= Reuben Smeed =

British statistician (1909–1976)

Reuben Jacob Smeed (1909–1976) was a British statistician and transport researcher. He proposed Smeed's law which correlated traffic fatalities to traffic density and predicted that the average speed of traffic in central London would always be nine miles per hour without other disincentives, given that this was the minimum speed that people will tolerate.

He chaired the Smeed Report which reported to the Government of the United Kingdom on road pricing in 1964 which recommended introducing congestion pricing on busy roads. These recommendations were not taken up until the London congestion charge was finally introduced in 2003, when average traffic speeds across the congestion charging zone rose by 15% from 14 km/h in the year prior to introduction to 17 km/h immediately after its introduction, the highest average speed since 1974.

==Career==
Smeed attended Central Foundation Boys' School, obtained a degree in mathematics and subsequently a PhD in aeronautical engineering from Queen Mary's College before entering academia as a teacher of mathematics.

At the start of World War II he was working for the Royal Aircraft Establishment on radio and radar equipment. In 1941 he assumed the rank of Wing Commander while he ran a small team in operations research for RAF Bomber Command looking at bomber losses. The team included Freeman Dyson. Whilst there he used statistics to verify the safest methods and formations for bombers and to investigate the effectiveness of various radar countermeasures, and by 1945 had become their Chief Research Officer.

In 1947 he joined the Traffic and Safety Division as Deputy Director at the Department of Scientific and Industrial Research (later the Transport Research Laboratory), where he investigated issues around traffic, road users, accidents, lighting and vehicle behaviour, pioneering the scientific study of transport studies. In so doing, he discovered a number of surprising or counter-intuitive features of road systems.

In 1949 he proposed Smeed's law, an empirical rule that broke the usual link between environmental factors and road crashes. Instead he correlated traffic fatalities to traffic density, as measured by the proxy of motor vehicle registrations and country population. He also proposed that the average speed of traffic in central London would always be nine miles per hour, because that is the minimum speed that people will tolerate. He claimed that his new designs for the linked use of traffic lights might increase the number of cars on the roads but would not increase their speed, because, as soon as the traffic flowed faster, more drivers would come to slow it down. Under his direction the TRL investigated many aspects of road safety and driver behaviour, publishing more than 50 papers.

In 1961 he wrote "The traffic problem in towns", published by the Manchester Statistical Society and then in 1962 he was commissioned to head an influential study into the benefits and feasibility of congestion pricing for urban road networks which resulted in the Smeed Report "Road Pricing: The Economic and Technical Possibilities" which was published by the Ministry of Transport in 1964.

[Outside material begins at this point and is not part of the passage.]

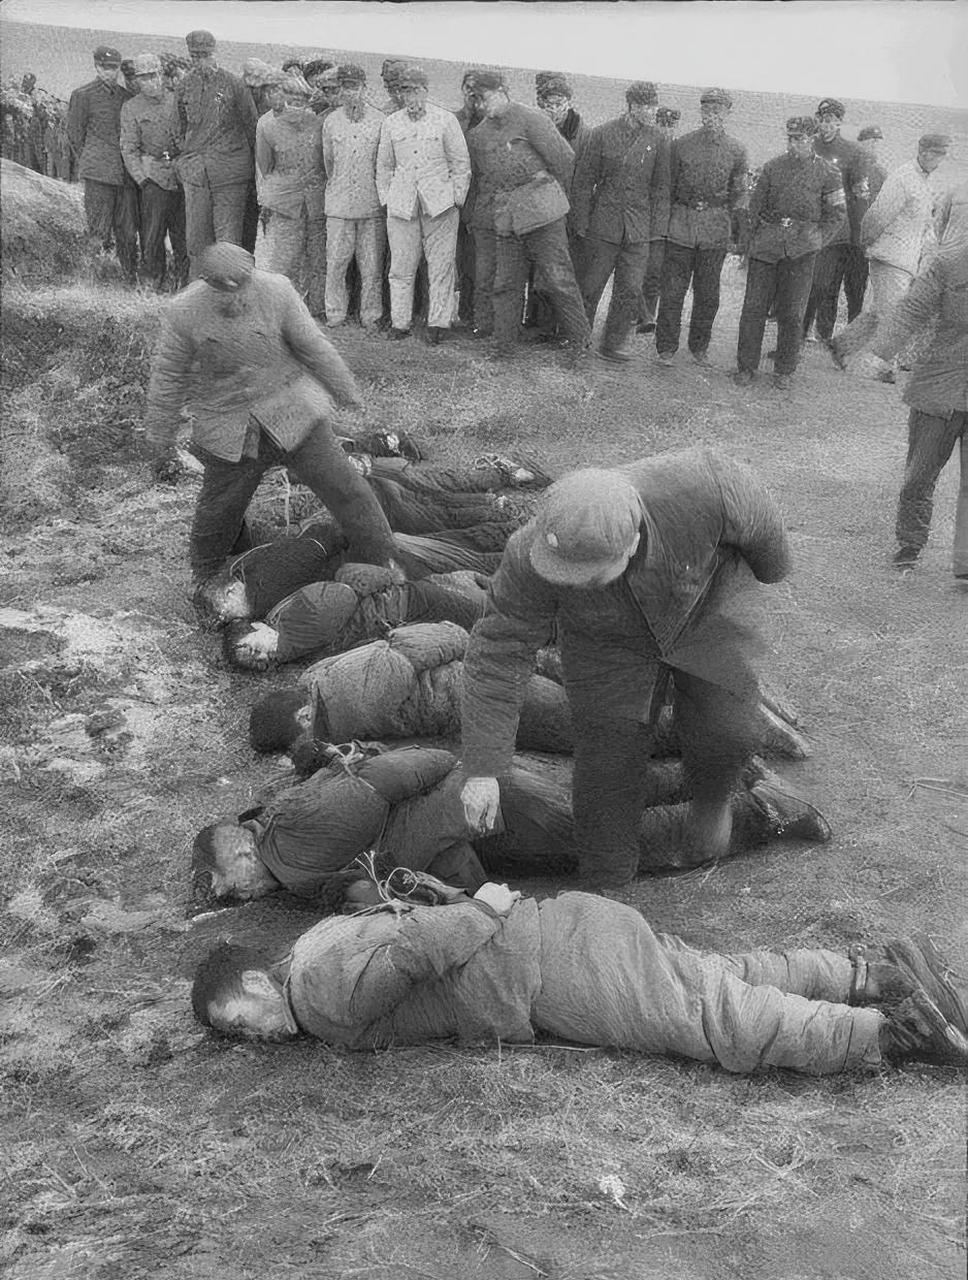 这是60年代哈尔滨,死刑犯公开处决的现场,照片中的他们已经失去了生命

Although it was initially well received, successive governments failed to act. He left the laboratory in frustration soon after the report's publication, joining the Ministry of Land and Natural Resources. He was appointed a CBE in 1966. In 1967 he became the first Professor of Traffic Studies at University College London where he taught until his death in 1976.

==Legacy==
The Smeed prize has been awarded annually at the Annual Conference of the Universities' Transport Study Group "to recognise the best student paper and presentation".